5.) The biggest differences between Mesopotamia and Egyptian civilizations are in their
environments and cities. Mesopotamia’s environment was open and thus vulnerable to
attacks and it was unpredictable and often-violent. On the other hand, Egypt’s
environment was predictable, more stable, and was surrounded by mountains, deserts,
and seas which Egypt “free security” (Strayer 80). Furthermore, the Mesopotamia
peoples exploited their environment greatly. Multiple cases of deforestation, soil erosion
and increasing salinization occurred that lead to a decrease in crop yields. Mesopotamia’s
exploitation of its environment eventually lead to the civilization weakening and then
being overrun by foreigners. In contrast, Egypt created a more stable agriculture system
using the natural flow of the Nile and so, avoiding the problems the Mesopotamia
civilization had. Another significant difference between these two civilizations are their
cities and states. The Mesopotamia civilization was separated into independent city-states
where each one was ruled by a King. On the other hand, the Egyptian civilization merged
several earlier states into a unified territory where its main focus was on a pharaoh. In the
Egyptian civilization, cities were far less important than how they were in the
Mesopotamia civilization. These civilizations also share some similarities. The
Mesopotamia and Egyptian civilizations have interacted and traded with each other and
other nearby civilizations. Moreover, both civilizations have influenced other nearby
civilizations with their culture and innovations. At the same time both civilizations have
also been influenced by other nearby civilizations’ culture and inventions as well.
6.) I define progress to be the act of moving forward or being in a better state than you were
before. In comparison to earlier Paleolithic and Neolithic societies, civilizations
represented progress in increasing urbanization, complex government systems, and
innovations. As people began to permanently settle, they began to build cities as well
where everything was under control by a state that provided coordination and regulation.

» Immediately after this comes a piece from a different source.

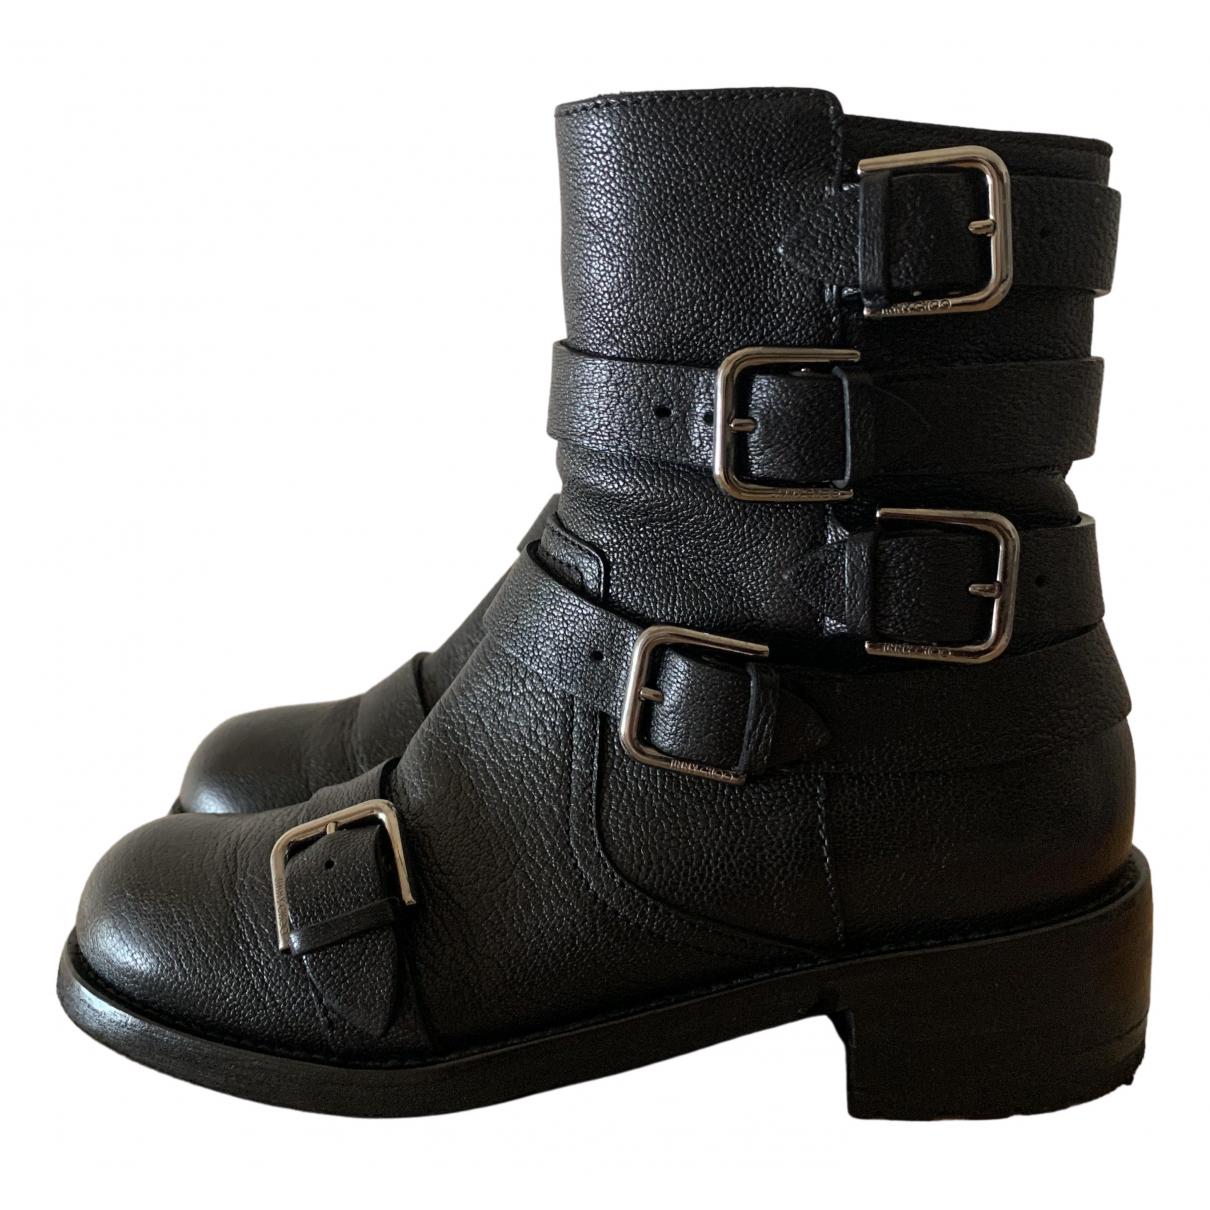 Jimmy Choo Hank flat Black Leather Ankle boots for Women 35 EU

Moreover, under this state, state authorities had the ability to use force to compel
obedience and so gave a legitimate right to use violence and caused violence to decline.
This legitimate right to use violence from states is what separated states in civilizations
from chiefdoms from Paleolithic and Neolithic societies where violence and disobedience
was more prevalent. With civilization came many new innovations such as writing. For
example, in Mesopotamia writing was used to record who paid taxes, who owed to the
temple, worker’s earnings, complex calendars, allow laws to be seen physical, and gave
rise to literature and philosophy in a range of topics.